Неопытная гимназисточка, только еще собирающаяся поступить на службу в КП, может подумать, что если г.Обломов и г.Розанов валятся в статье в одну кучу, словно журналисты отдела православной нравственности, предающиеся свальному греху, то они большие друзья. И сильно ошибется. Это ведь только в КП не знают, что обыватель и помещик, владелец сотен крепостных душ, - это не совсем одно и то же. Разумеется, ВВ тоже не конюхом работал, а мать его была из рода дворян Шишкиных. Только вот дворянин без поместья – это все равно, что брачная ночь без невесты. "По правде сказать, - говорит Писарев – вся судьба человека зависит от того, какими средствами он поддерживает собственное  существование. Всякому известно "(Писарев явно не учитывал существования КП)", что есть люди, которые добывают себе хлеб собственным трудом, и есть люди, которые кушают хлеб, добытый другими и могут жить не трудясь". ВВ не трудясь жить не мог. И даже трудясь, зарабатывал копейки. "Другой за 35 копеек целый день бьется!" – поучал ВВ молодого извозчика, заломившего, как ему показалось, слишком высокую цену, в пору запоздалого процветания. (Лишь тот достоин 35 копеек, кто каждый день за них идет на бой!).
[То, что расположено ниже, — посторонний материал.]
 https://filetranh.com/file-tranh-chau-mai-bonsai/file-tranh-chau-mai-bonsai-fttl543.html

 И уж если Обломов на своем диване подскакивал, словно карась на сковородке и стонал: жизнь достает, жжет, то каково было на этой сковородке батраку пера и чернил Василию Васильевичу без доходов Ильи Ильича. Сильно восчувствовал  деньгу ВВ! А вот большой любви к Обломову – нет. И даже то обстоятельство, что Обломову – единственному из всех обломовцев – удалось стать отцом, его с ним не примирило. Сами посудите, как может относиться к "обломову-тунеядцу", который "ищет покоя душевного, мира и успокоения", ВВ, мирный обыватель, весь день бьющийся за 35 коп., а вечером выясняющего, что ему не на что купить лекарство больному ребенку.  Того самого покоя душевного, который иногда еще именуют душевная подлость. "Или попросту говоря свинство - уточняет ВВ - которое буркает себе под нос: все суета сует, знать ничего не хочу!"
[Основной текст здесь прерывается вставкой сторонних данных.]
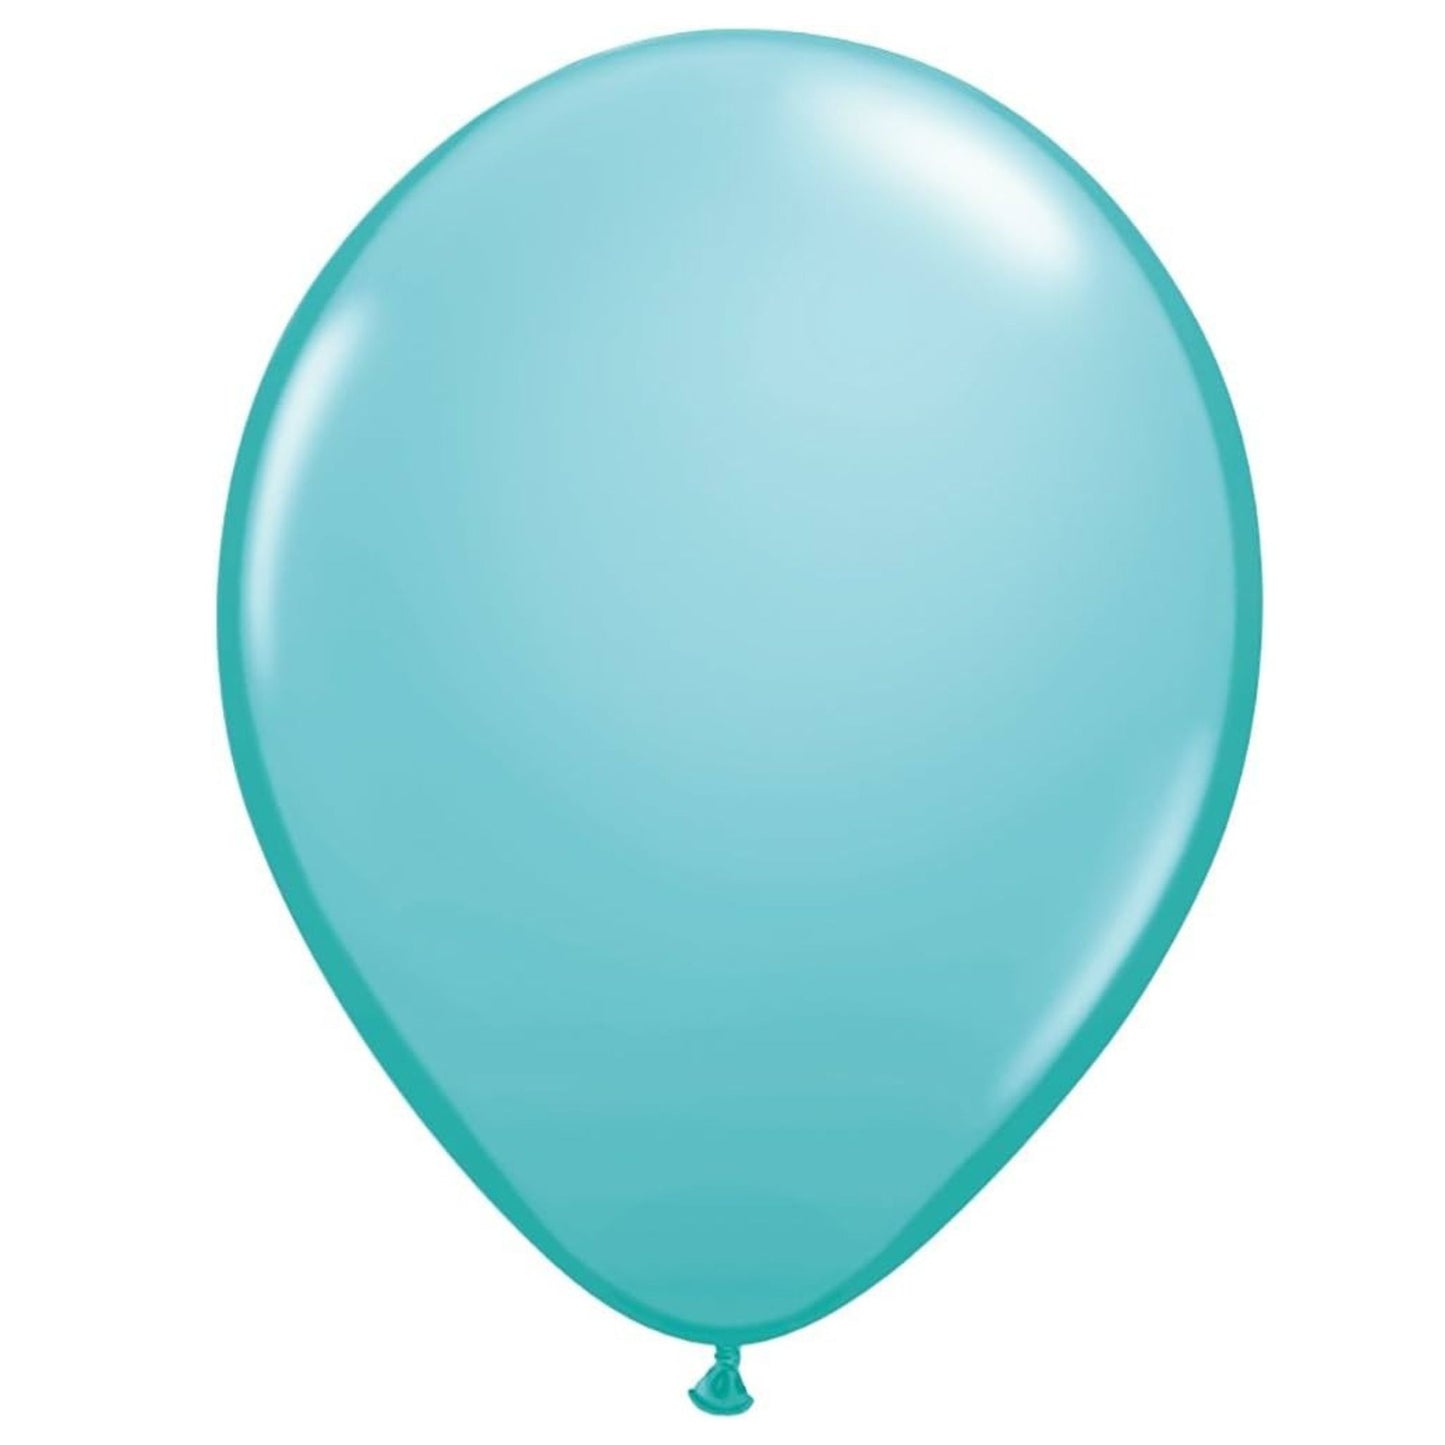 11 inch helium filled Caribbean Blue Latex balloon

Из-за чего ВВ, в 1896-8 годах "завернув пушки, палил по своим". Потому что нищета породила у ВВ "в душе какую-то темную мглу, прорезаемую блестками гнева". («Люди, которых человеческое достоинство оскорблено, являются нам у господина Достоевского в двух главных типах: кротком и ожесточенном». В случае ВВ – ожесточенном). Палил "по ленивым, убогоньким и копящим деньжонку, равнодушным". По Обломовым, одним словом. Палил до тех пор, пока, скопив деньжонок, не отъелся и сам не стал убогоньким и равнодушным. Так что садик у этого невольного последователя Вольтера получился своеобразный: сначала в нем появились гроздья гнева, а потом уже деревья и кустарники. Поэтому в словаре ВВ не было более ругательного слова, чем "богач", способный за вечер проиграть больше, чем ВВ заработать за всю свою неразгибную жизнь. 
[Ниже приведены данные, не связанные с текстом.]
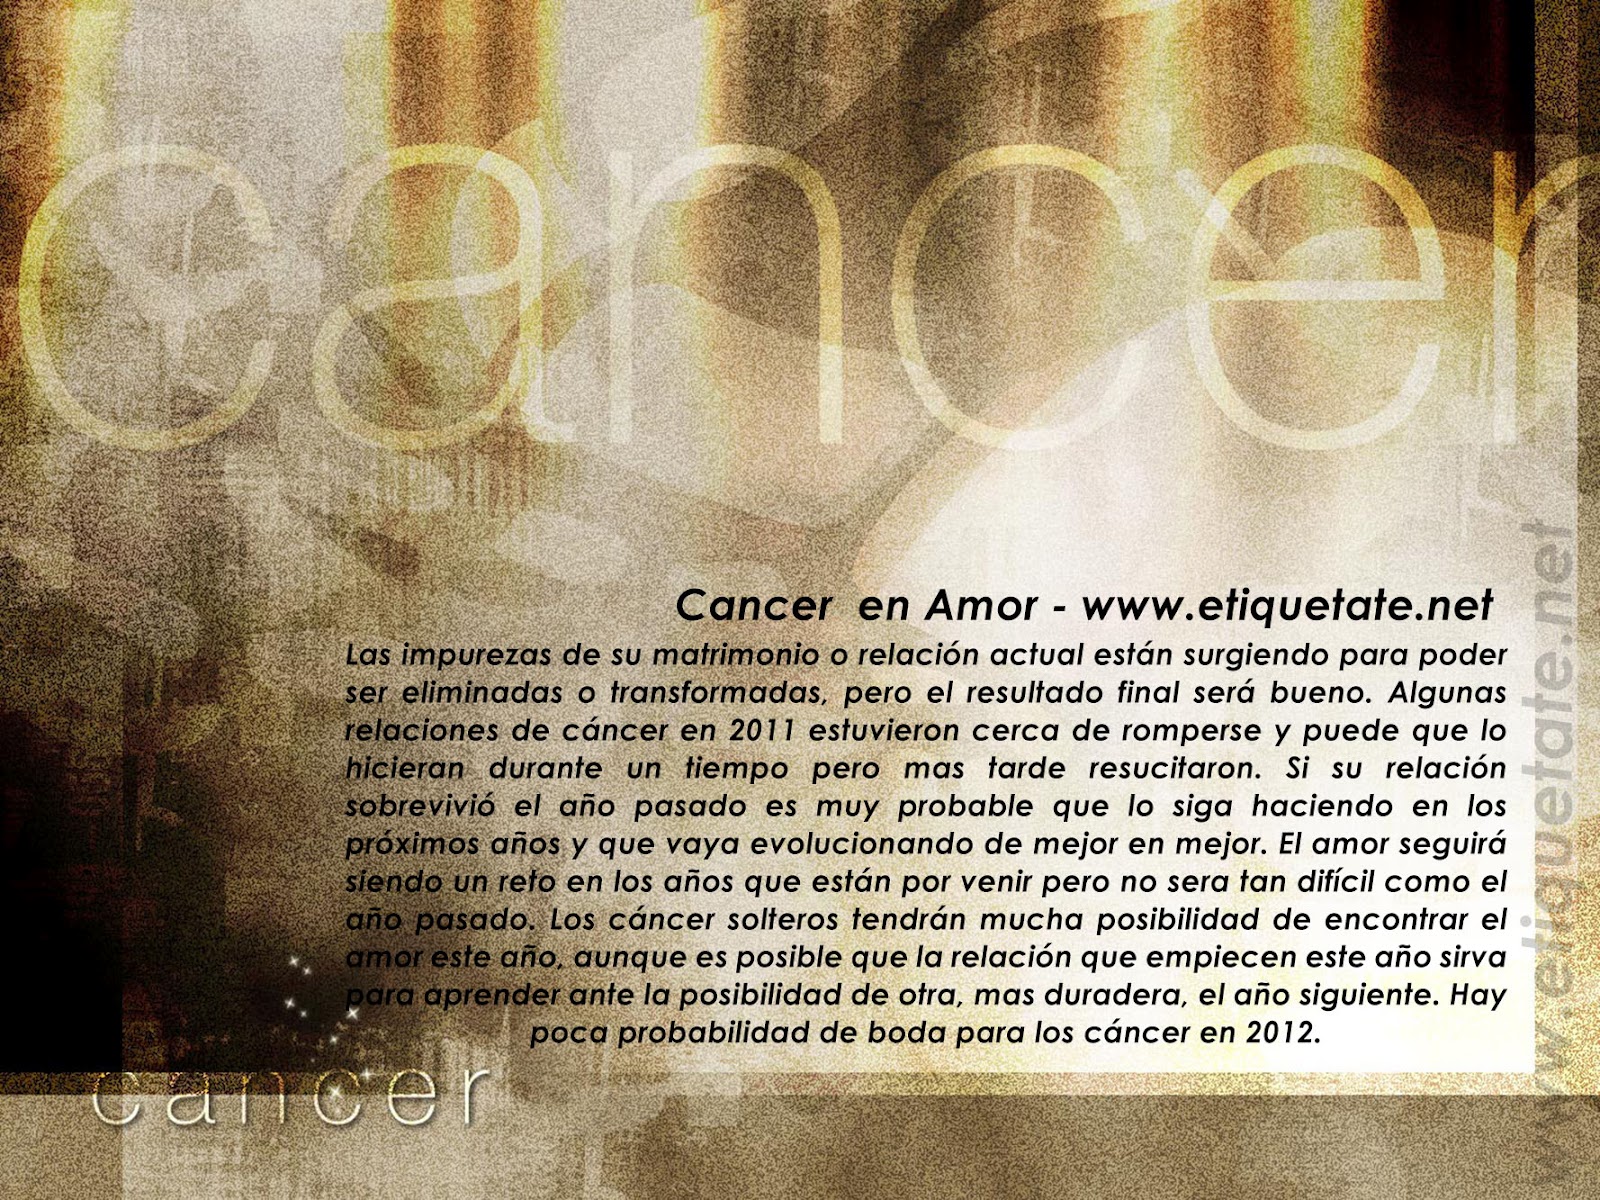 http://2.bp.blogspot.com/-awVDB8kGY9g/UD_wbQNY8qI/AAAAAAAAHbQ/61OxdG0w_ko/s1600/C%C3%A1ncer+en+El+Amor+-+Imagenes+de+los+Signos+del+Zodiaco+para+Facebook1.jpg

Сравнивая себя с "богачом", с которым у него были одни и те же добродетели, он приходил к выводу: "Весь мир другой - его и - мой".  Хотя этот богач был человек из стана самого ВВ и помимо общих добродетелей исповедовал и общие с ним взгляды на жизнь. Причем не понимали они друг друга в такой степени, что даже "интерес к животу", который по мнению ВВ "мгновенно снимает между людей перегородки, расстояния, делает знакомыми, делает друзьями" не мог их существенно сблизить, поскольку у одного живот был пустой, а у другого висел через ремень. Но господа из КП так и не поняли, почему это "общество в середине прошлого века раскололось на левых и правых. Все, оказавшиеся посредине, явно были лишними". Не будешь Иванушкой-дурачком прикидываться - карьеру не сделаешь.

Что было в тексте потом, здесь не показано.